In Durrett v. Buxton, 63 Ark. 397, this court held that sections 839, 841 of Sand. & H. Dig. are special statutes, and are not repealed by the subsequent statute, digested as section 1279, which forbids county courts or their agents from making contracts until appropriations have been made therefor. Section 841 leaves the whole question of building a court house and jail to the county court proper.
The objection that the record of the day’s proceedings were not signed by the members' of the court present and participating does not go to the validity of the proceedings so noted by the clerk as shown in the record. In the first place, the authorized officer having written up the minutes upon the record, and their verity not having been called in question, the county court having general jurisdiction of the subject-matter, and being a superior court, the truth of the minutes could be established by parol. Lowenstein v. Caruth, 59 Ark. 588; Bobo v. State, 40 Ark. 225.

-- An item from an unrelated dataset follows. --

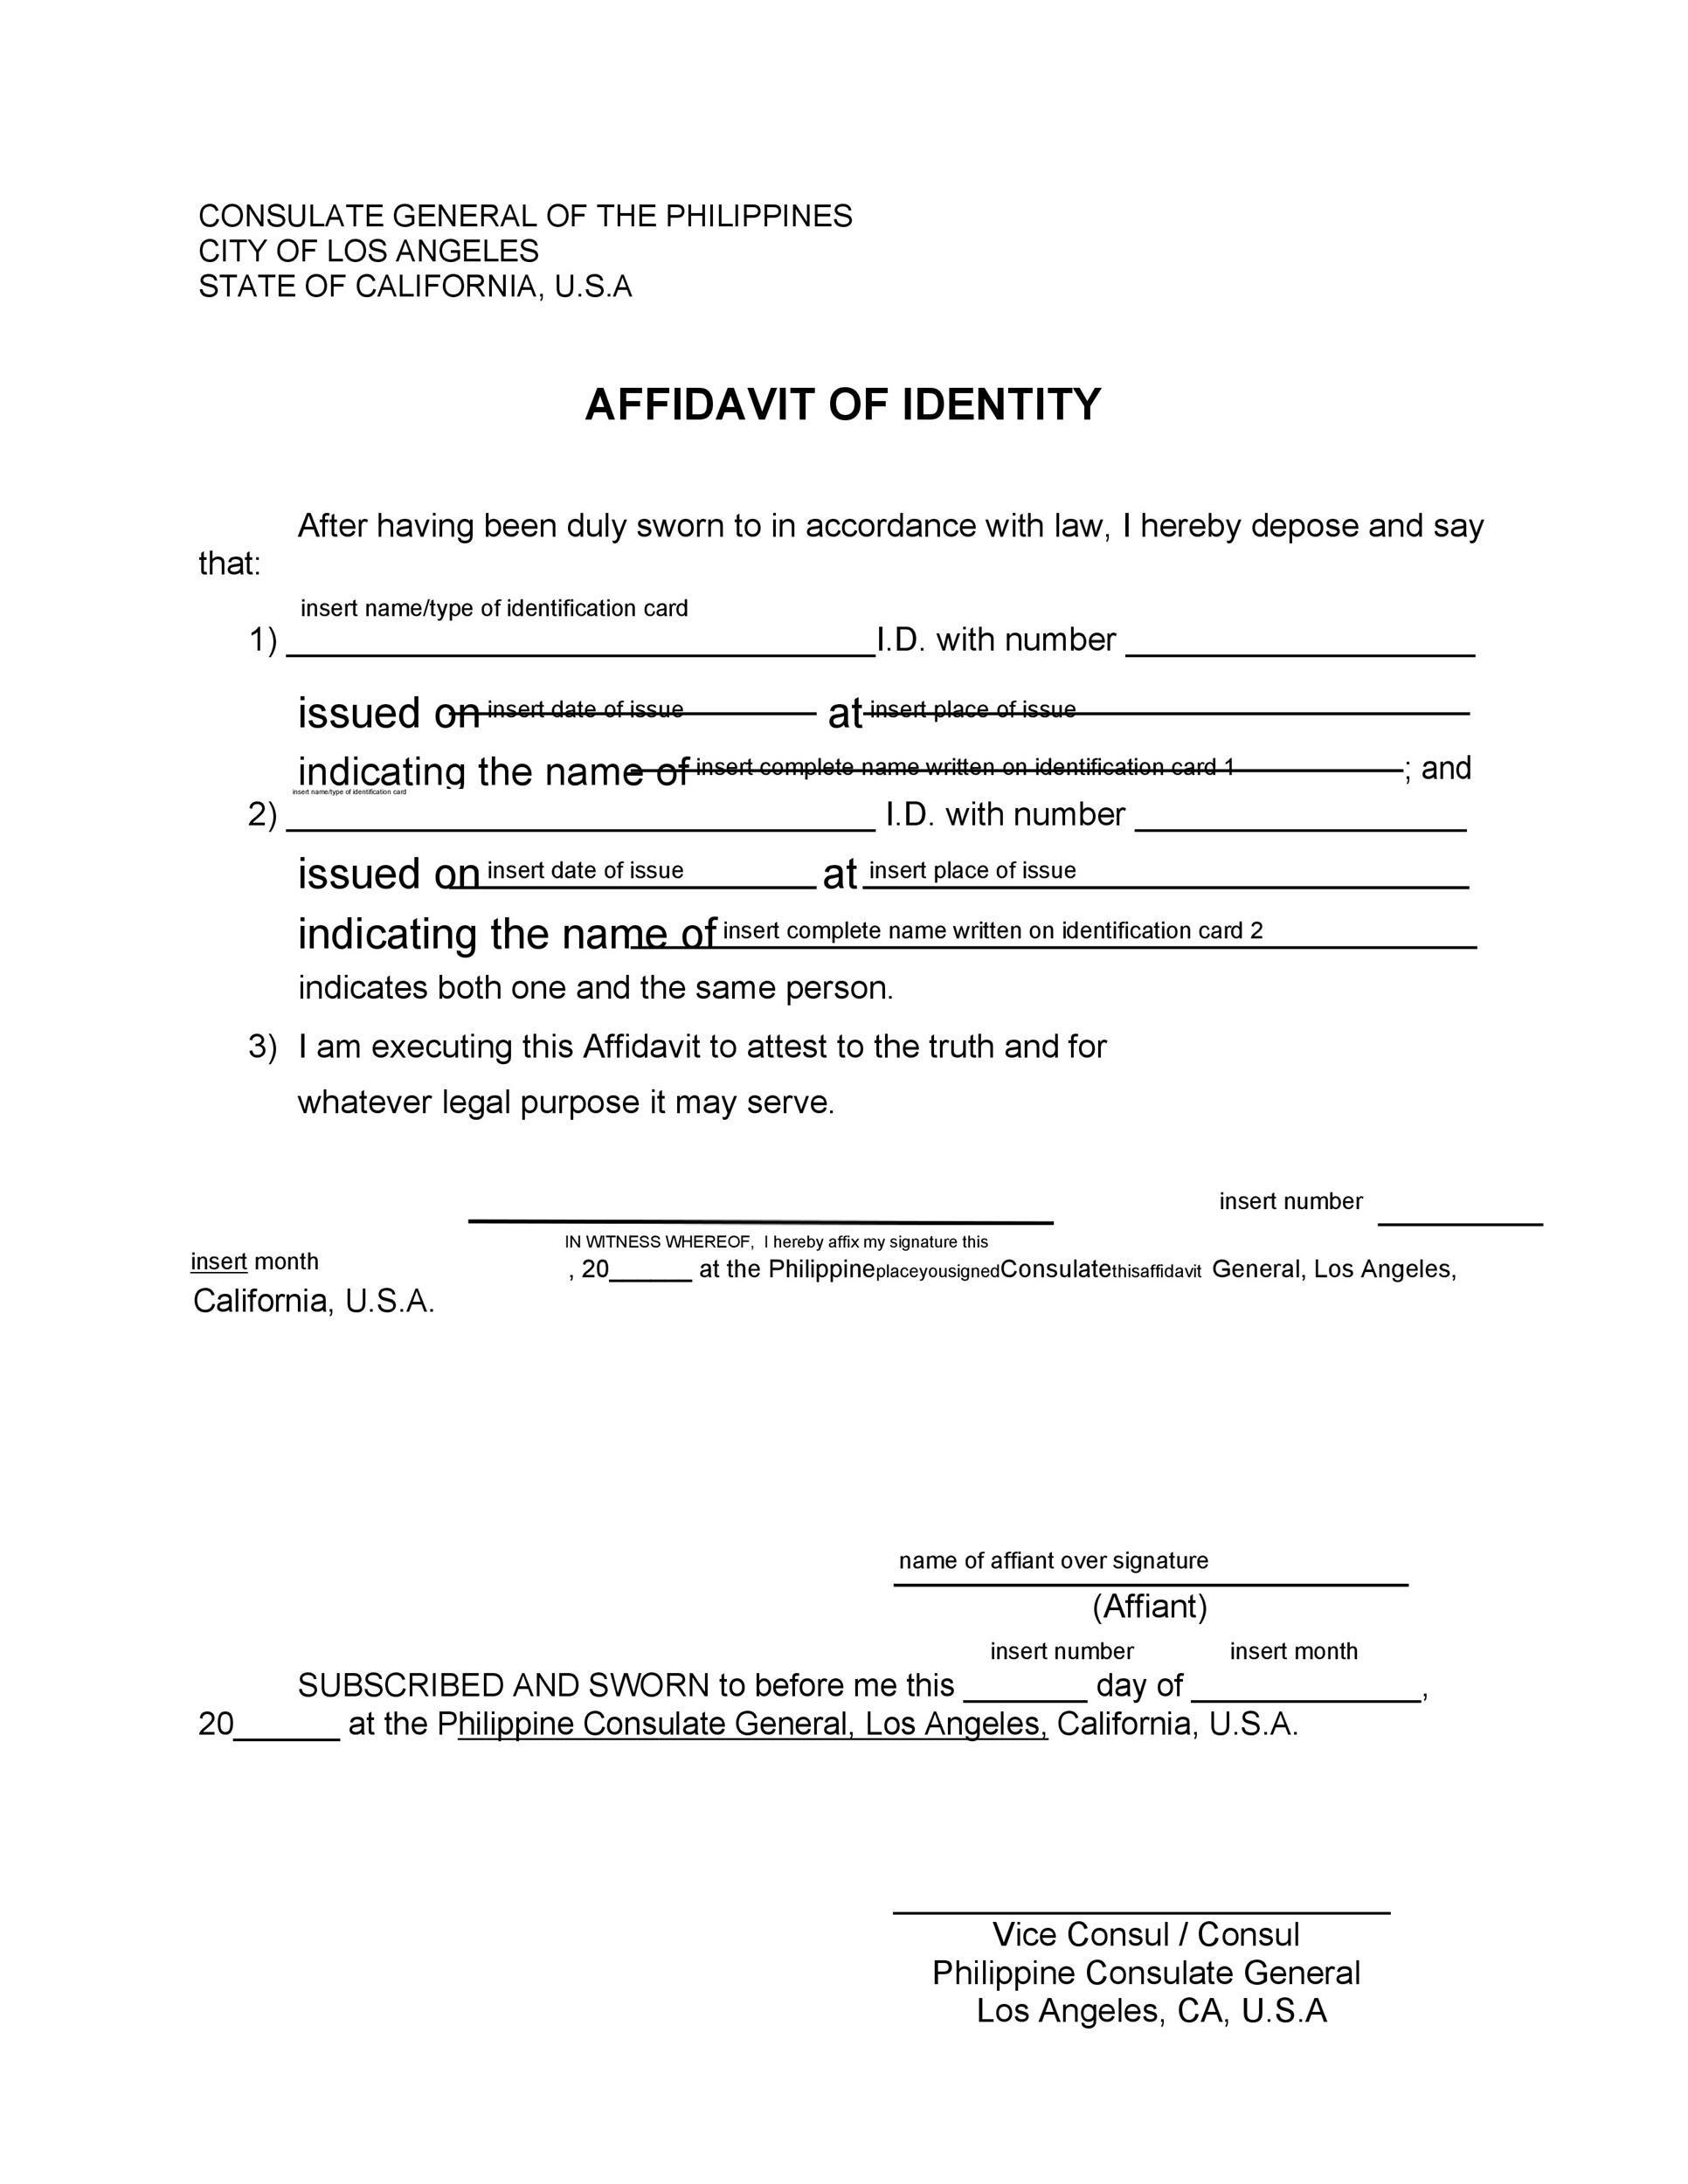 Free affidavit of identity 01

The objection that the county court appointed three (only two were appointed), instead of one, is abstractly correct, but it only goes to the compensation to be allowed the commissioners for services. This bill is to restrain the letting of a contract on the notice given at first by the commissioners for informality, and the chancellor sustained the plaintiff in that regard. As we understand it, the commissioners then advertised in proper form for bidders, and the temporary restraining order granted by us was to restrain them from letting the contract on this last notice. In the case at bar the levying court made the appropriation required by section 1279, and so, in either event, whether a previous appropriation by the levying court was necessary, as provided in section 1279, for the erection of county buildings generally, or the order for the building of the court house and jail could be made by the county proper without such previous appropriation, as seems to be the effect of the rule of Durrett v. Buxton, supra, the order of the county court proper was valid, and binding upon the county.

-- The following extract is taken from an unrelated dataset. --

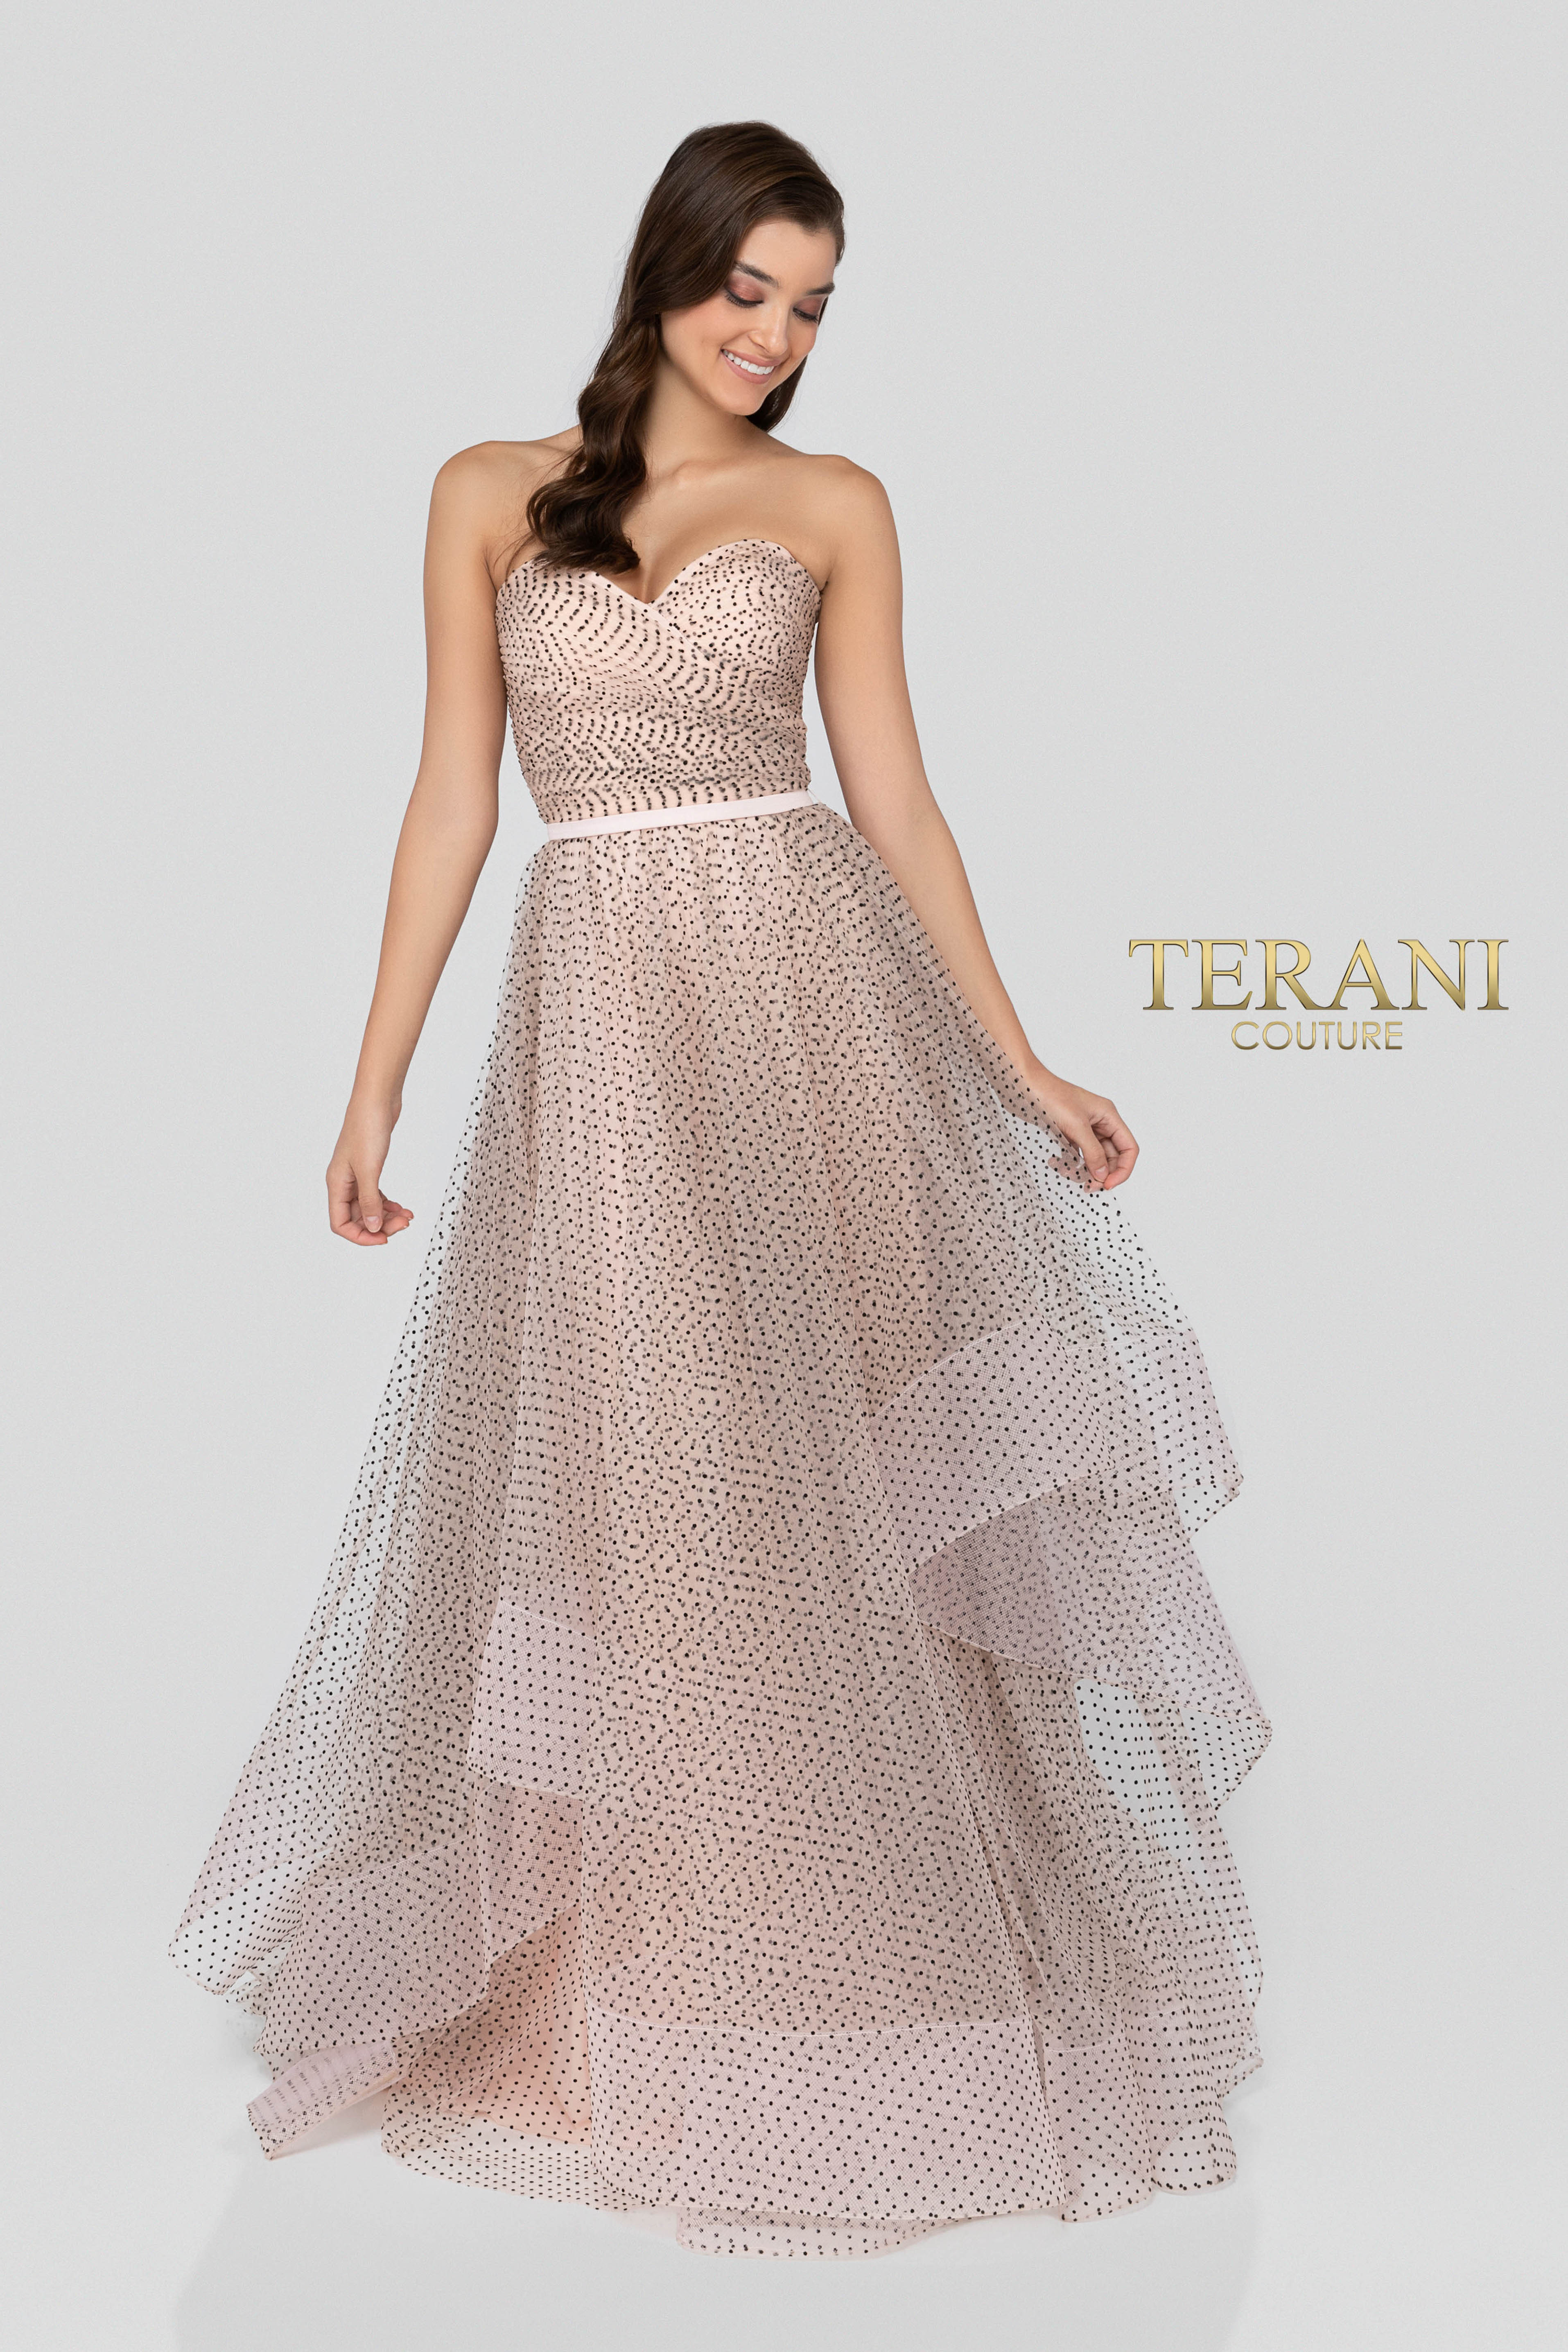 733576519c4 Find Terani Stores

In such an expensive matter as the building of a court house and jail, it is not of course expected, under ordinary cireumstances, to cover the whole amount by the levy for one year, and in fact this cannot be done, since, together with the ordinary expenses of the county, the levy for erecting these buildings must not exceed in one year the rate of 5 mills. The amount and number of the annual installments necessary to cover the whole cost of the structure must be and is left to the discretion of the levying court, to be exercised so as to accomplish the result intended in a reasonable time.
Having thus disposed of all the questions that properly arise under the allegations of the bill and demurrer thereto, our conclusion is that the decree of the chancellor should be affirmed, and the temporary injunction granted by us should be dissolved, and it is so ordered.